# Task requirements
Repeat everything in the data exactly except images.

++++ Collected data ++++

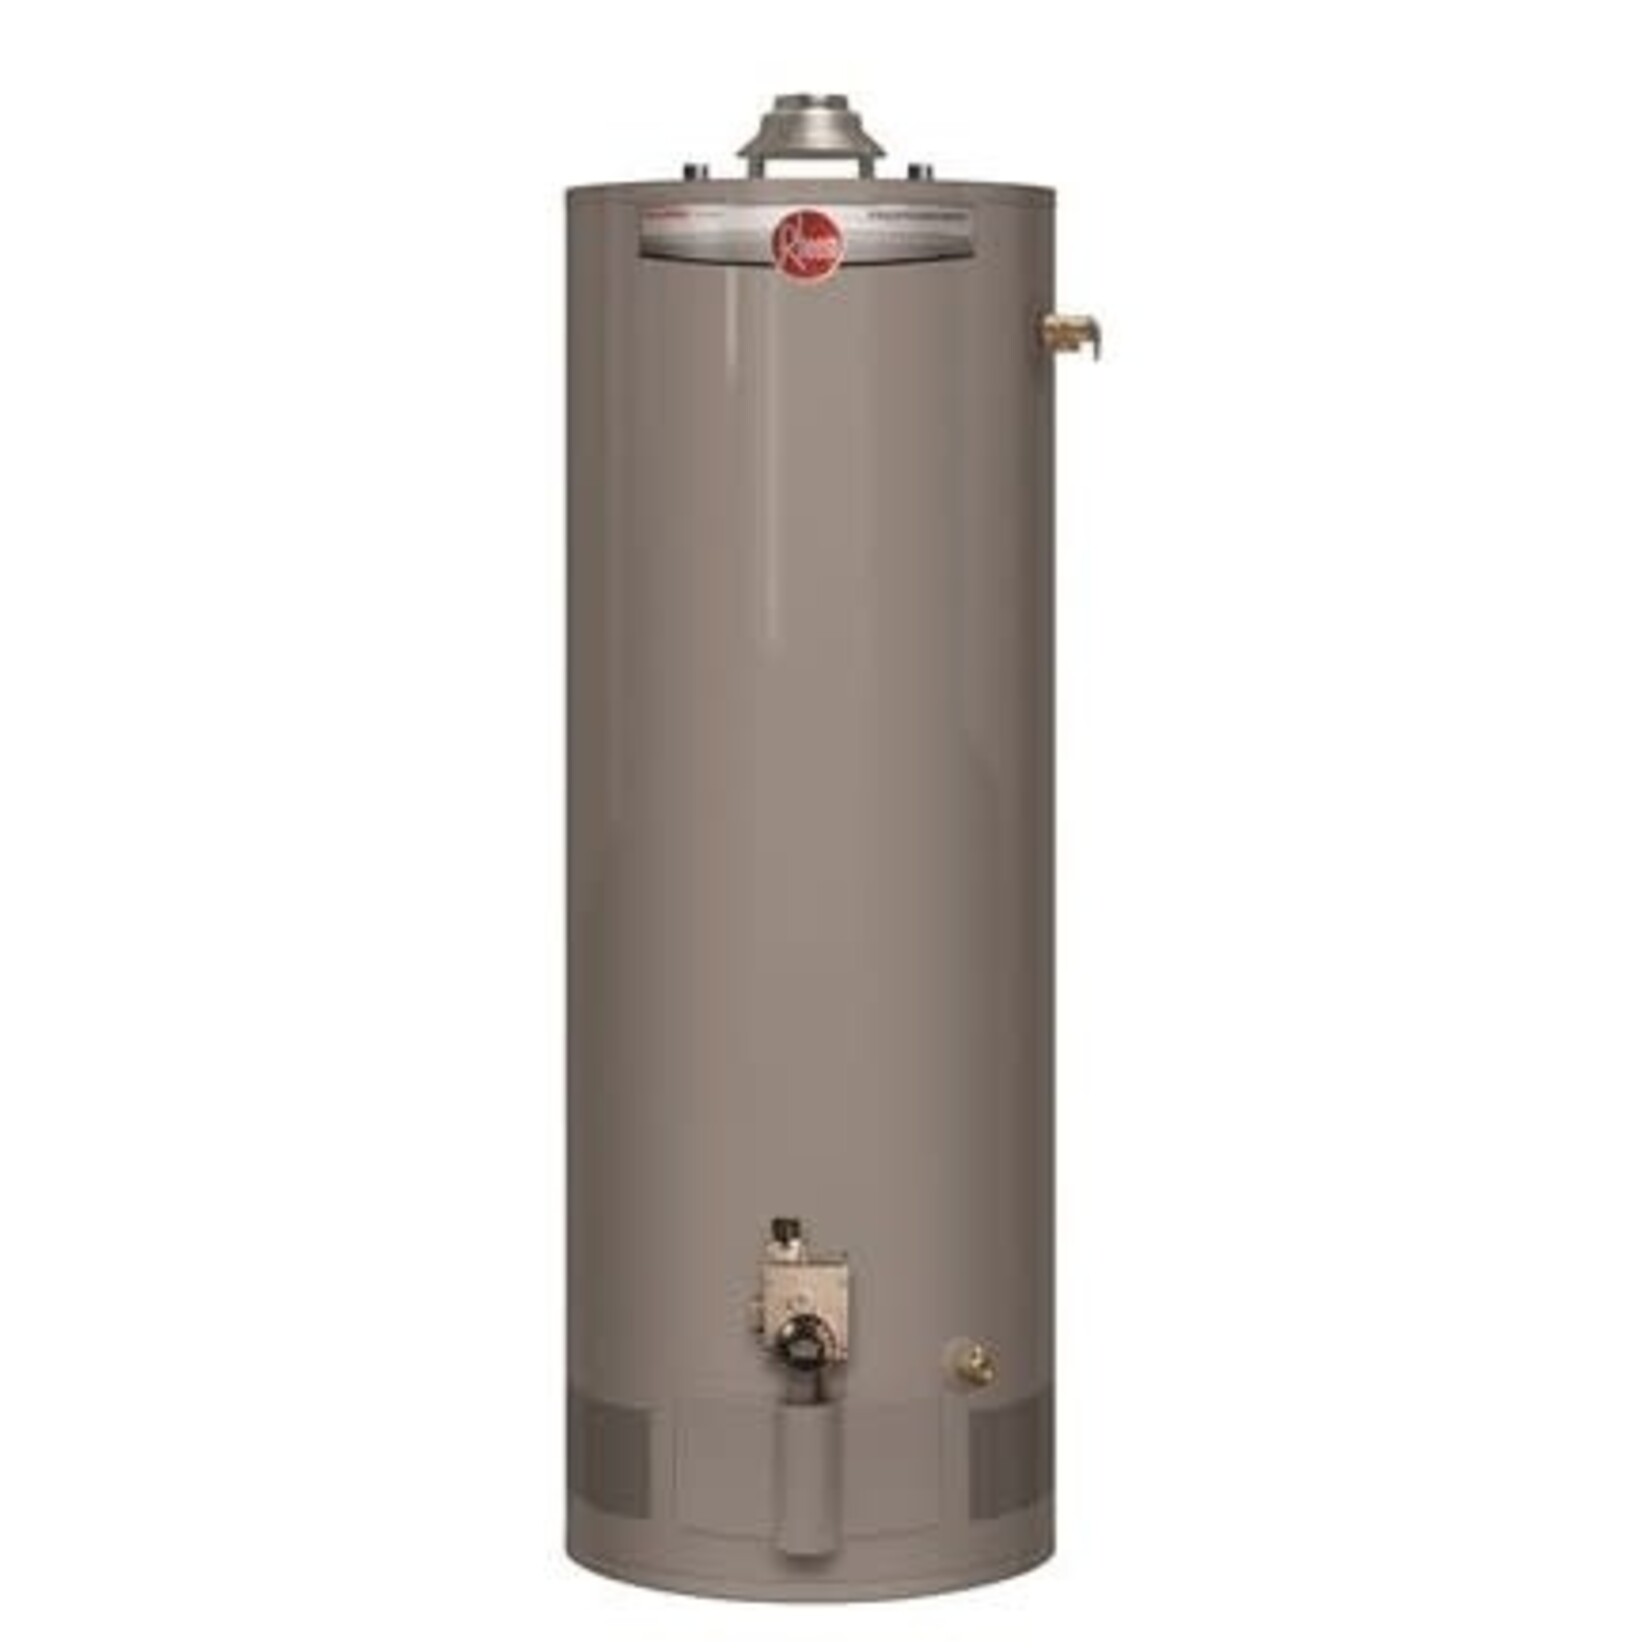 RHEEM RHEEM 50 GAL. PROFESSIONAL CLASSIC SHORT 40,000 BTU ATMOSPHERIC RESIDENTIAL NATURAL GAS WATER HEATER SIDE T AND P RELIEF VALVE
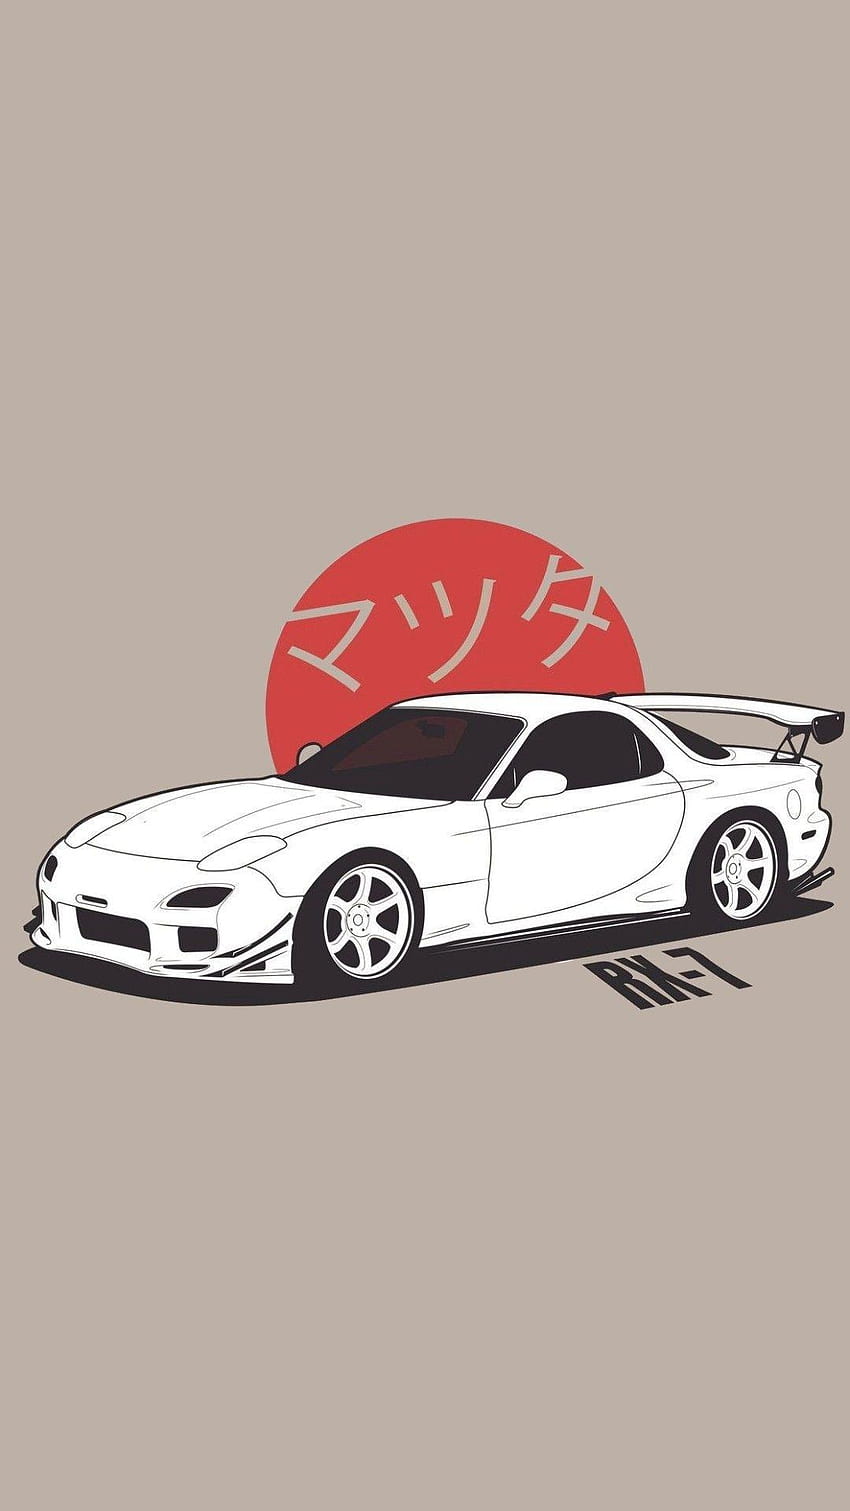 1080x1920 / 1080x1920 mazda rx7, mazda, cars, hd for Iphone 6, 7, 8  wallpaper - Coolwallpapers.me!
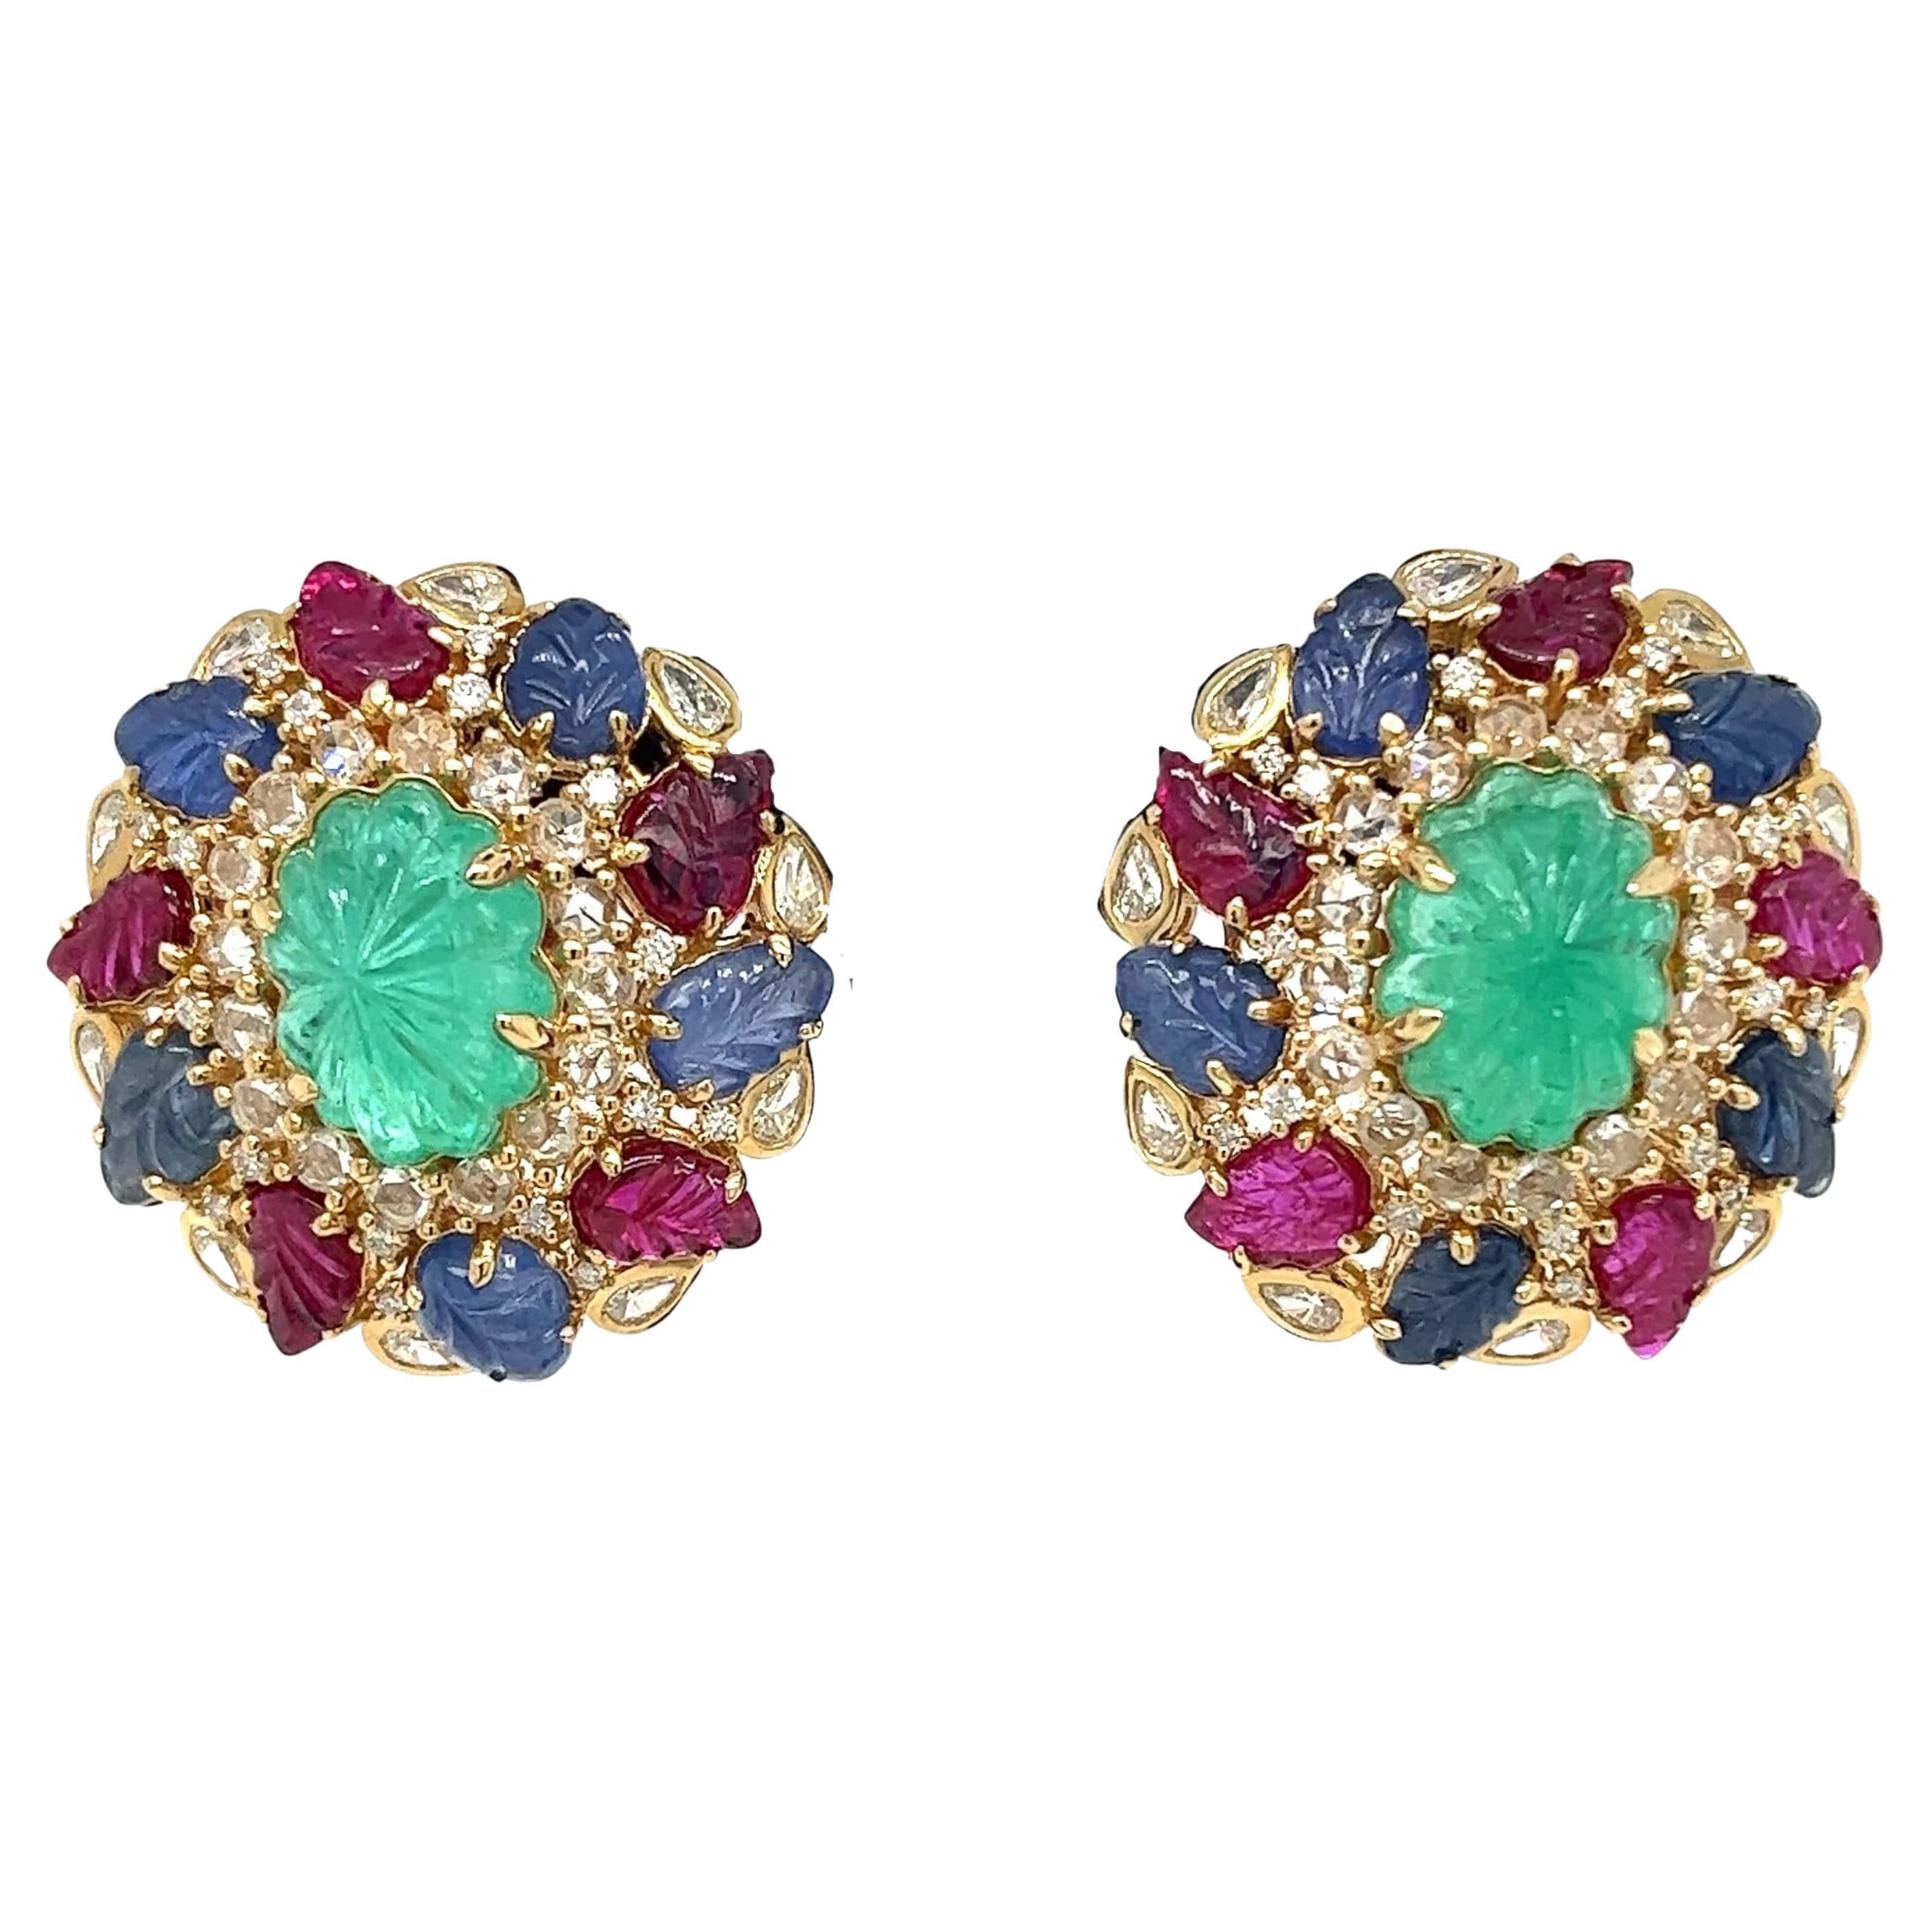 18K Gold Colombian Origin Rubies & Emeralds & Sapphires Earrings with Diamonds For Sale

++++

# Exercise answer
 RHEEM RHEEM 50 GAL. PROFESSIONAL CLASSIC SHORT 40,000 BTU ATMOSPHERIC RESIDENTIAL NATURAL GAS WATER HEATER SIDE T AND P RELIEF VALVE
 1080x1920 / 1080x1920 mazda rx7, mazda, cars, hd for Iphone 6, 7, 8  wallpaper - Coolwallpapers.me!
 18K Gold Colombian Origin Rubies & Emeralds & Sapphires Earrings with Diamonds For Sale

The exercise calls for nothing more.